Russell Corners History

Russell Corners, in Carterville Township where the Cambria and Carterville roads meet, marks the homes built when Philip Russell and his four sons came to Eight Mile prairie in the winter of 1816 and 1817. Philip Russell (1765-1843) was a Virginia soldier in the Revolution and watched the surrender of Cornwallis at Yorktown. He settled in section 8, at the southwest of the corners.

Samuel T. Russell, the eldest son, lived on the west side of the prairie and was justice of the peace. Foreville church and school retain his nickname. James Stewart Russell (1801-1882) lived south of his father and was trustee of school lands and judge of general elections. The third son, William Washington Russell, also lived to the south. The youngest of the five who came in 1817 was Philip Jefferson Russell (1810-1877), who lived on the northwest corner and kept Fredonia post office. Jim and Jeff rode off to the Black Hawk war as soldiers in Captain Armstead Holman’s company. They returned to establish homes, and Jeff’s son in turn built on the northeast corner. This was John Randolph Russell (1848-1928).

When the stage roads were built, the daily hacks from Marion and Carbondale met at Russell corners.
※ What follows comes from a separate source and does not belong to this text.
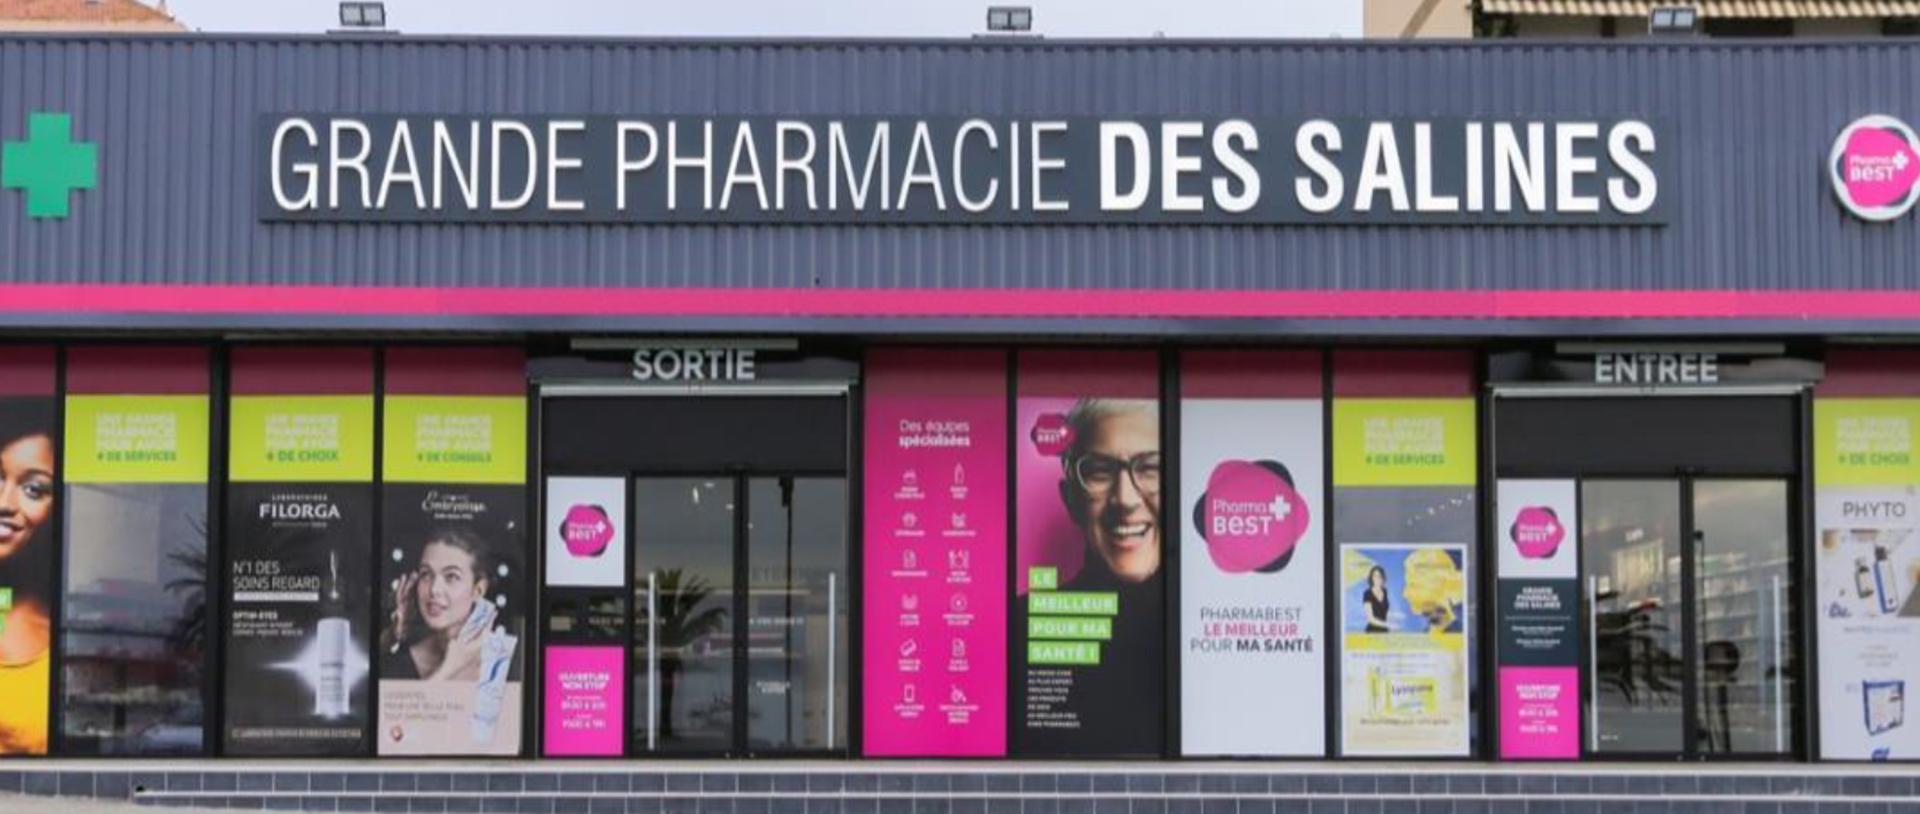 Pharmacie des Salines
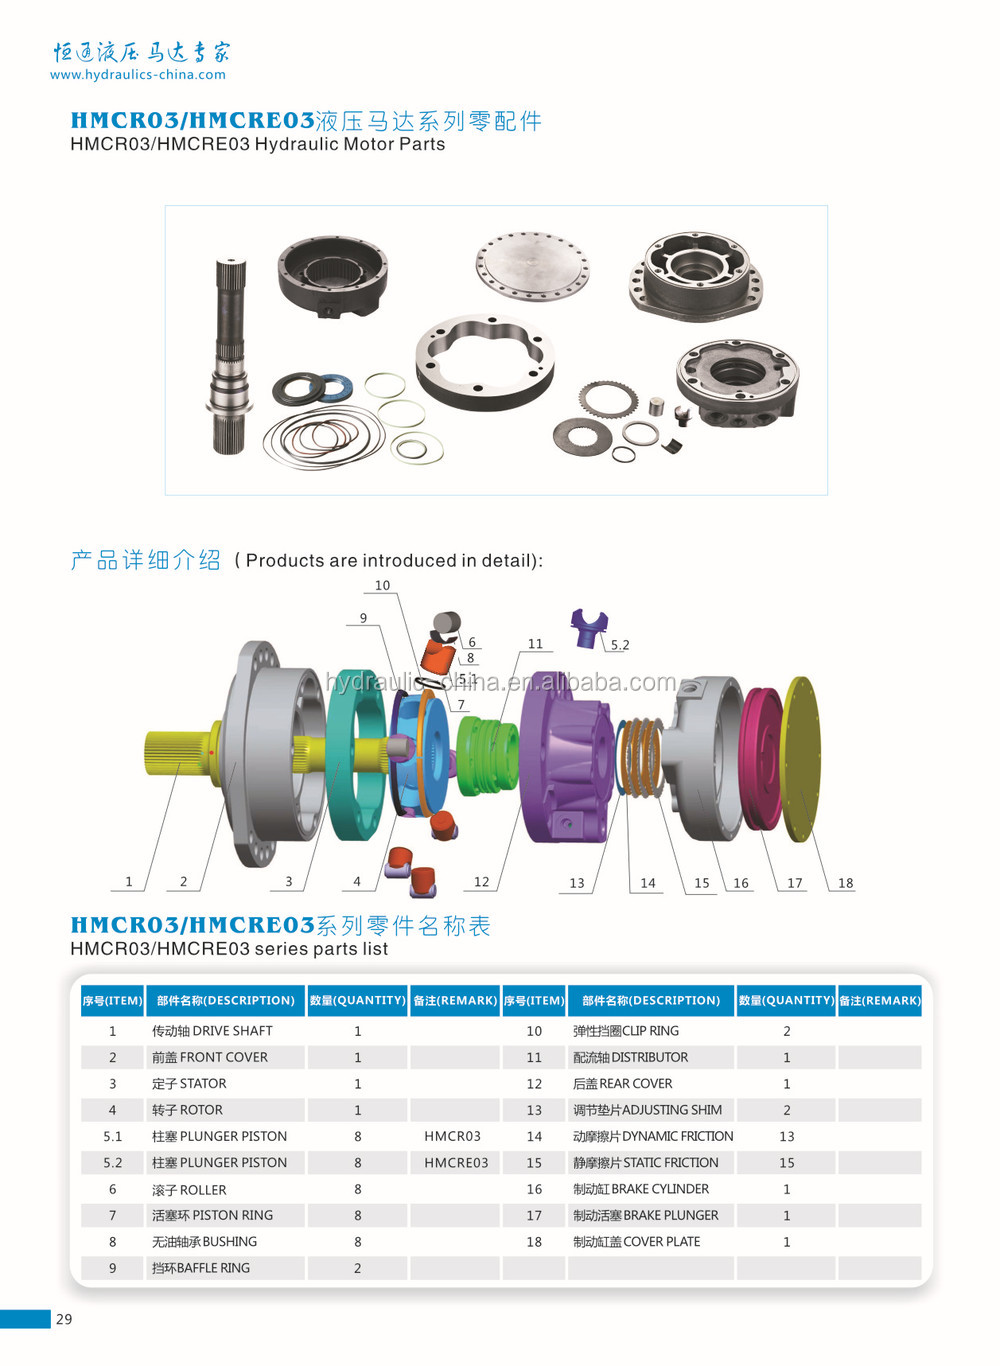 MCR03 parts list.jpg

Postmaster Jeff Russell used to say he knew every man in Williamson County in those days before the Civil war. Lawyers and their clients, merchants and their customers broke their journeys by warming at Russell s stove in winter or drinking at Russell’s well in summer.

August 7, 1862 was a great day at Russell corners, for word went out that the enlistment officer would be there and a company raised. The land was heavily timbered, and neighbors arranged a barbecue in the grove where stump speeches were made for other campaigns.
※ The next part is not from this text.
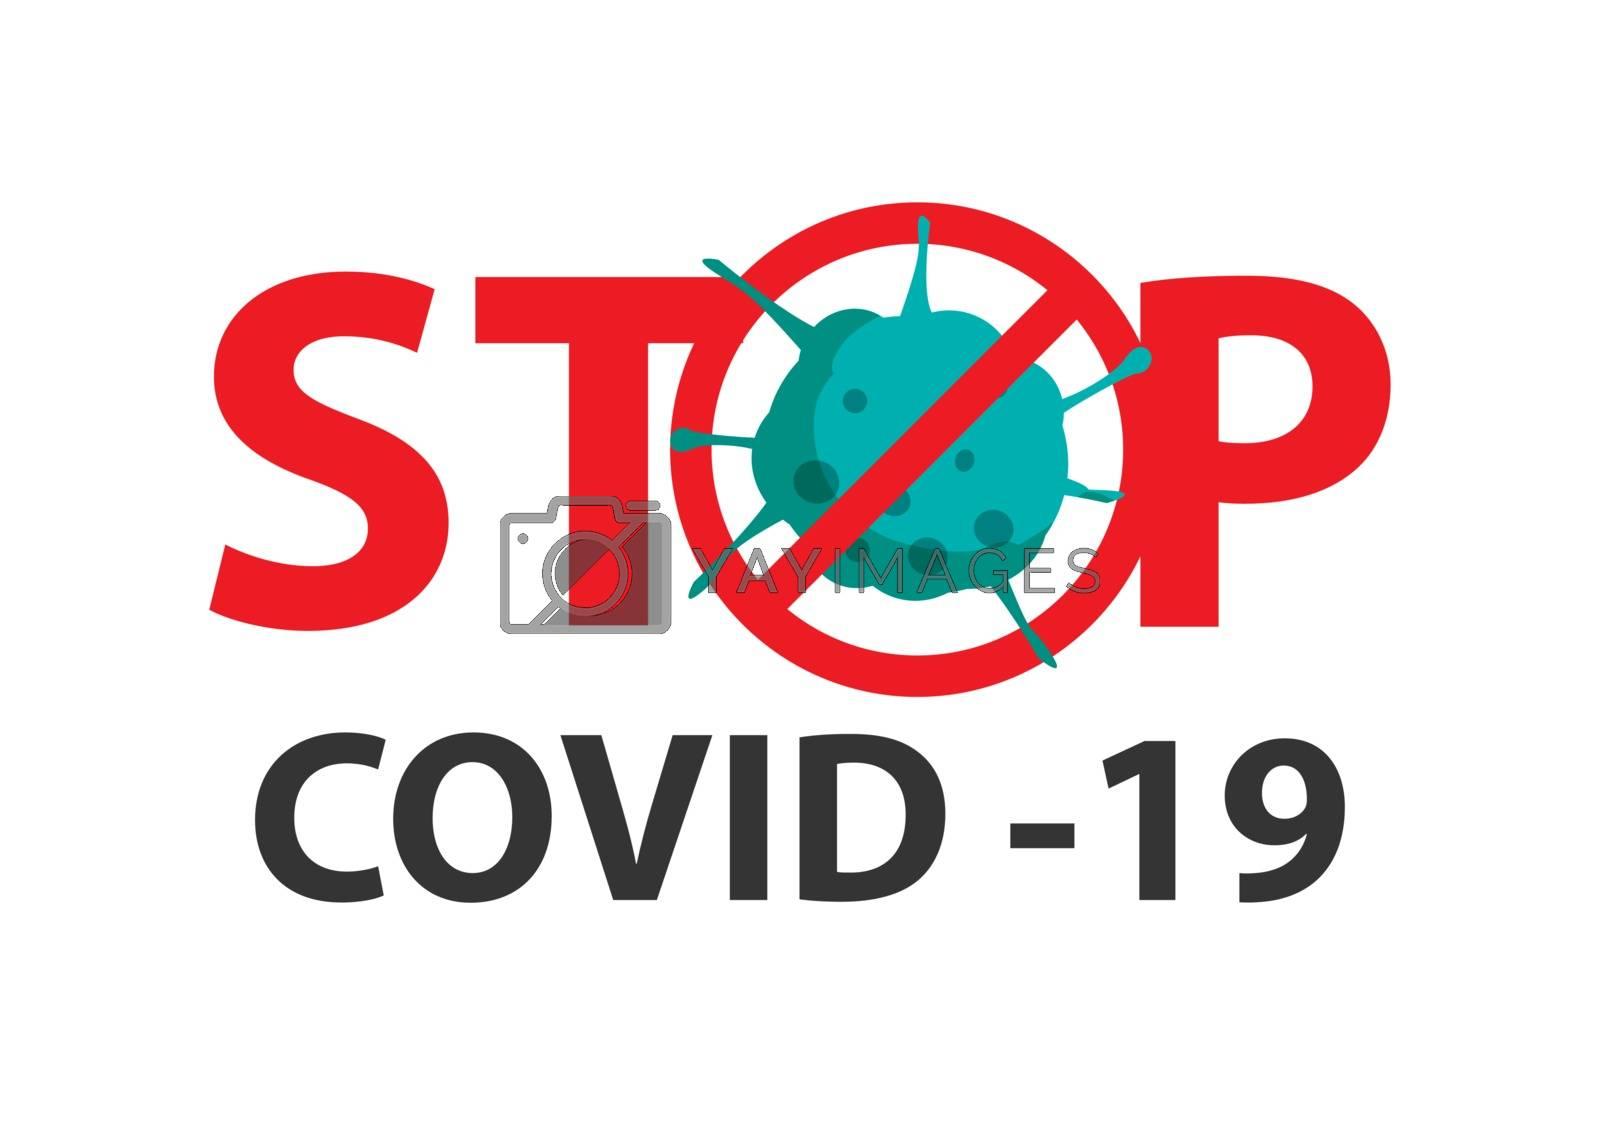 Stop covid 19 coronavirus with red symbol danger sign.

Gabe Cox, a veteran of the Mexican war, played the fife and his two sons beat their drums. The men marched and drilled and a greater part of Company G, 81st Illinois infantry enlisted. One son, six grandsons, and the husbands of two granddaughters of Philip Russell enlisted that day. When the company organized at Anna later in the month, George W. Sisney was elected captain and William Washington Russell, first lieutenant. Company G saw Thompson’s Hill, Jackson, Vicksburg, Red River, and Spanish Fort and marched nine thousand miles before the remnant of its personnel came back to Russell corners.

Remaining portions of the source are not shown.